Far be it from me to criticize a decision I agree with, but I have to say the board’s initial decision to pass a policy based on unreasonable fears, talking points and a desire to make CSU more like other universities –– most of which have a similar concealed carry ban –– was appalling.
Following the ruling against CU-Boulder, CSU officials said campus presidents would go back to the drawing board and construct laws that fell in line with state law, according to reporting by the Collegian.
My hope is that the BOG recognizes the outrage and consternation demonstrated by the CSU students as undeniable evidence that we did not come to Fort Collins to be sheep; we came here to be Rams.
Despite the faculty and public safety team –– both of whom recommended banning weapons –– apparently feeling they were making decisions that would be accepted by a student populace that had clearly drifted to the left for the 2008 election, the student body recognized the threat presented by a gun-free zone and made its collective anger known.
What gun control advocates do not seem to comprehend about gun free zones is active shooters simply do not care about the ban on firearms.
As a result, if a licensed concealed permit holder were in a classroom or building attacked by an active shooter, there might be a chance of terminating the incident without even needing to fire a shot.
Professor Richard Eykholt responded to a similar claim made by students during the fall semester: “If you have a classroom situation where somebody starts shooting and other people are shooting back, there is a real opportunity there for more bystanders to be injured,” he said.
Well professor, since we obviously can’t use your superior intellect to help us off Gilligan’s Island, perhaps you can tell me approximately how many students will be injured or killed when an active shooter enters a gun free zone?
My guess – based only on recent American history, facts and logic –– is, a lot.
What the student body really needs to take from this is that the administration, the Board of Governors, the Public Safety Team and the faculty, have zero interest in what the student body has to say about pretty much anything.
They ignored the 21-3 vote by student government’s Senate to uphold the concealed carry policy; they ignored the protests; they ignored the petitions.
When it came down to it, they only cared they were going to lose a very public lawsuit on a completely frivolous policy.
So where do we go from here?

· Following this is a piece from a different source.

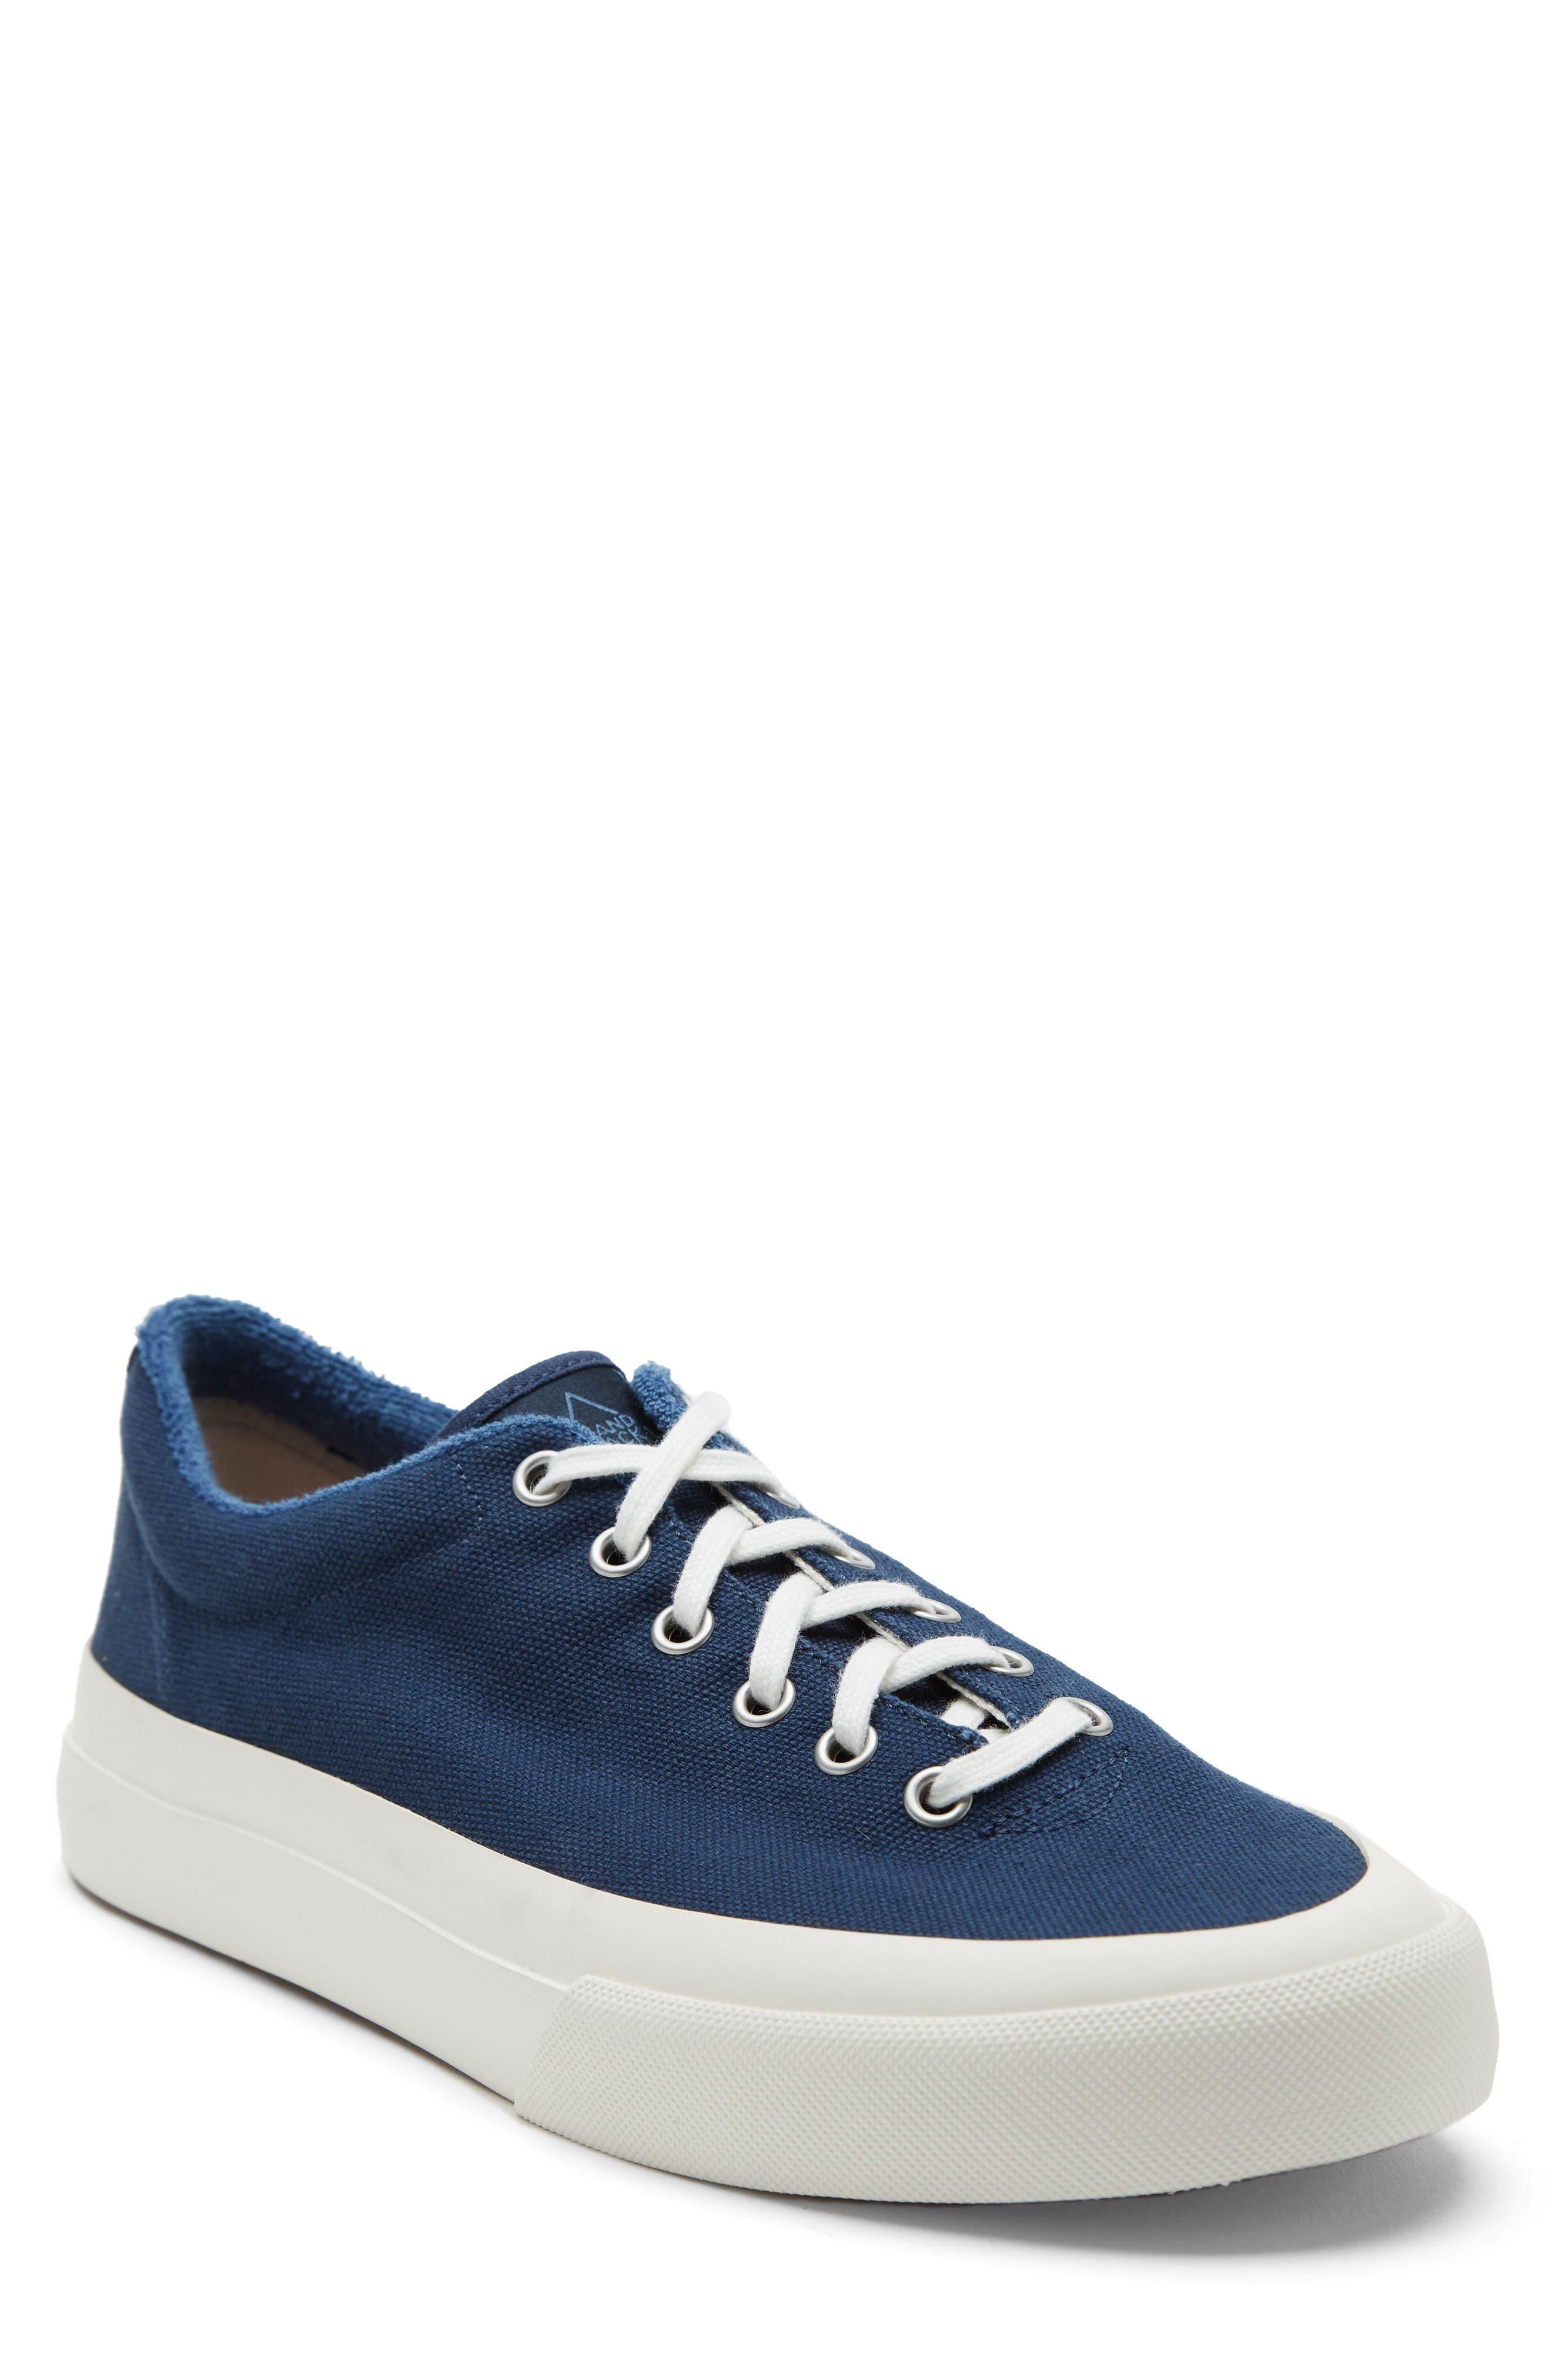 Vesta Low Top Sneaker,                             Main thumbnail 1, color,                             Navy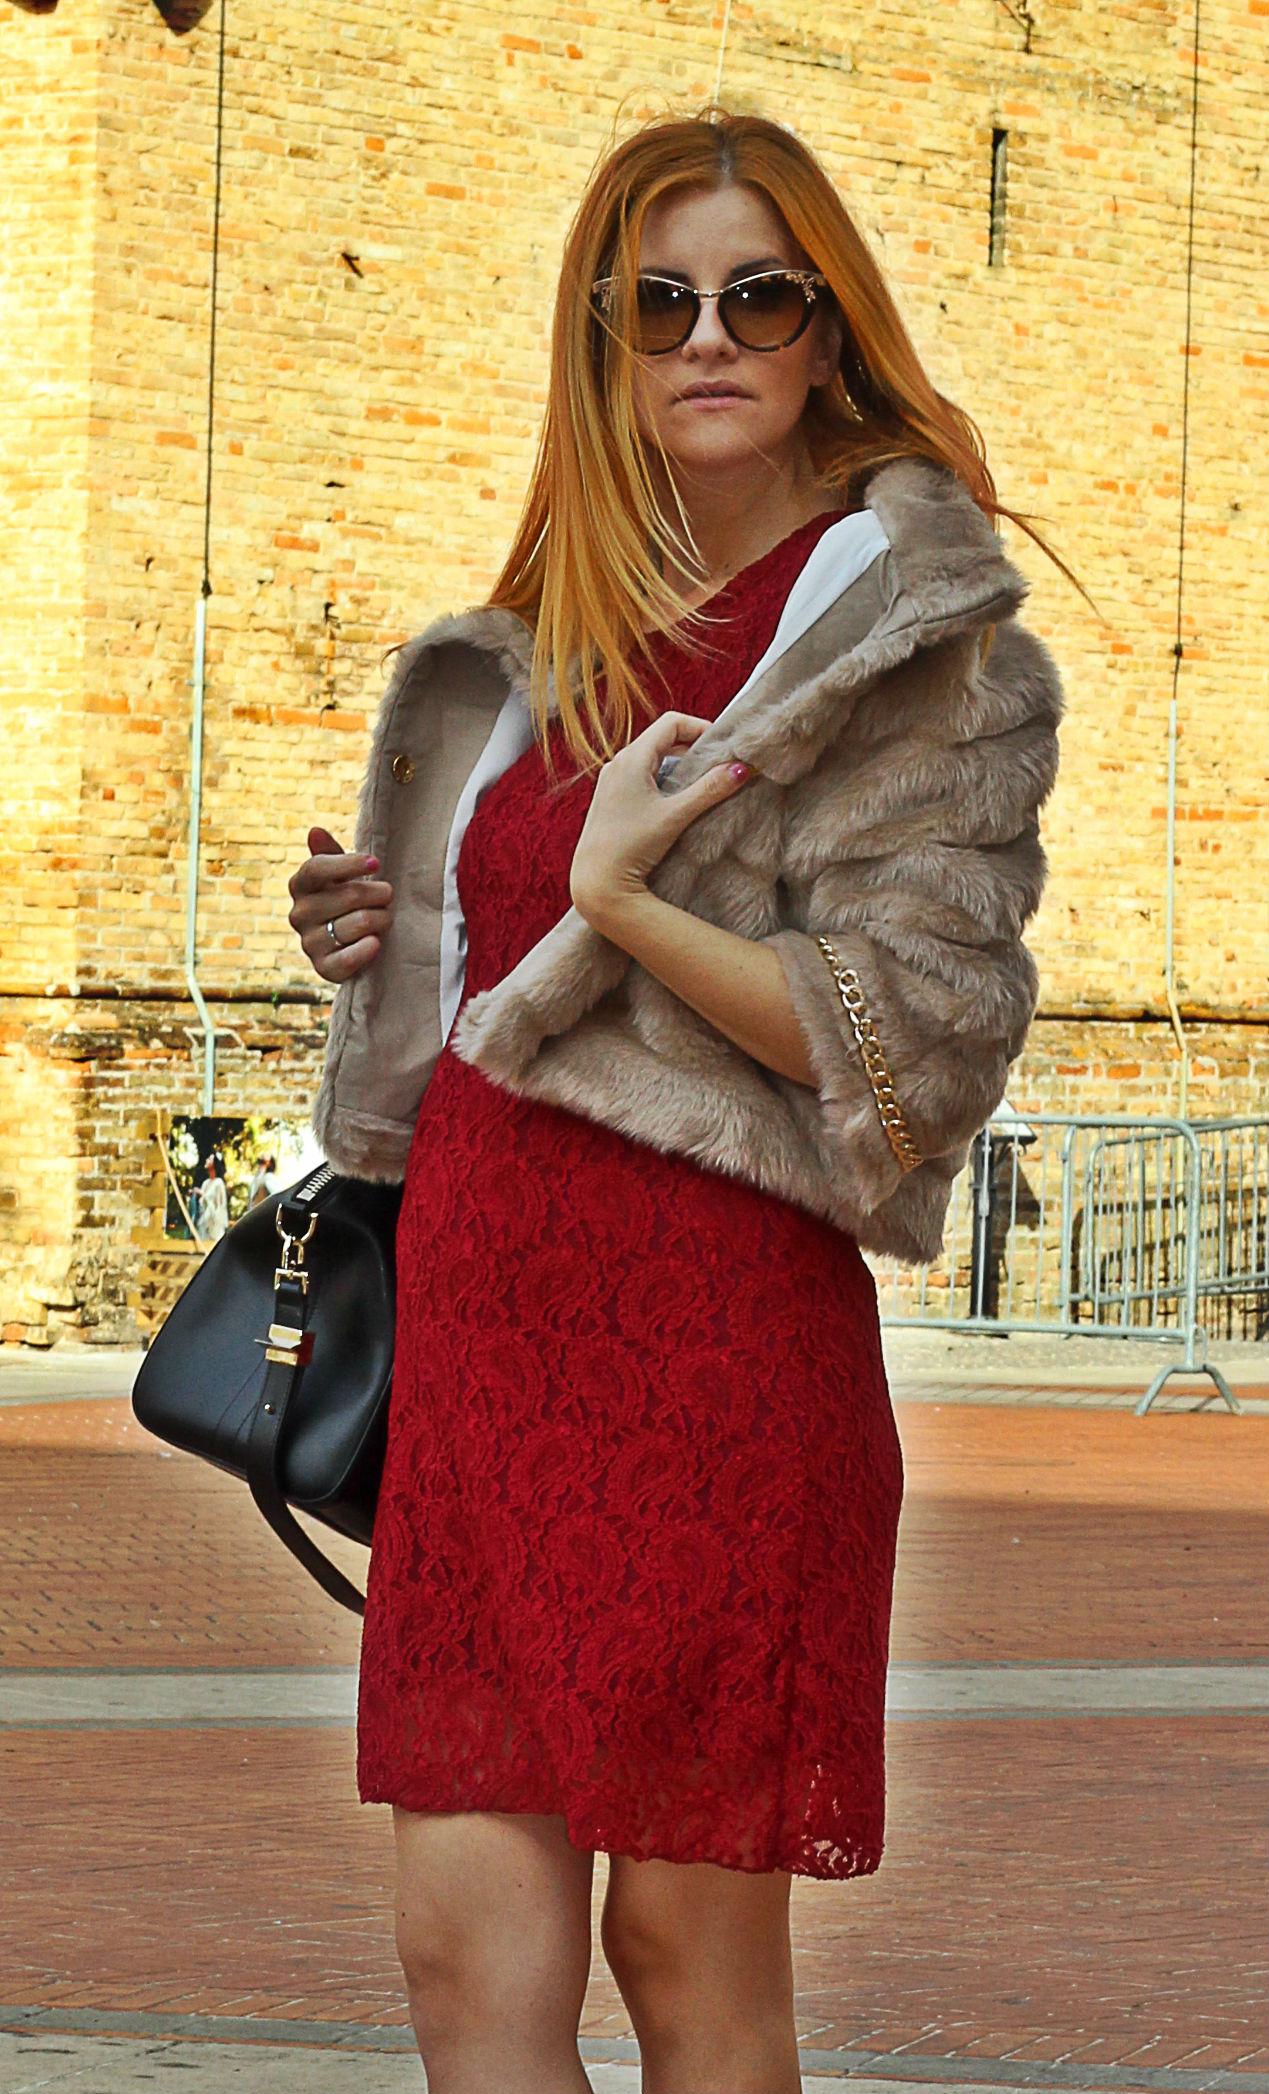 elisabetta bertolini fashion blogger italia recanati abito indeependent

Well, sadly, it appears if the law is not entirely clear on a policy proposed by theBOG, as it argued was the case with conflicting state laws in the case of the gun ban. It will move forward on the policy despite the concerns of the students or students’ parents.
This means CSU’s bureaucracy potentially threatens all student freedoms. My fear is the only reconciliation available to students moving forward on any of issue of rights is to immediately seek legal counsel and file a lawsuit.
The student outcry against this policy was overwhelmingly in support of allowing concealed carry on campus. We had the facts, we had the arguments, we had the history and we had the popular support.
Ultimately, the student body should make decisions affecting the student body; not a geographically separated group of adults unconcerned with the desires of the student body.
At the end of this fight, the system worked. We didn’t turn the other cheek and forget this was happening. We galvanized, we played the game and we came out on top.
Enjoy your summer, CSU. When we come back next fall, we will still have some line of defense between all of us and an active shooter. Well played. Today, I’m proud to be a CSU Ram.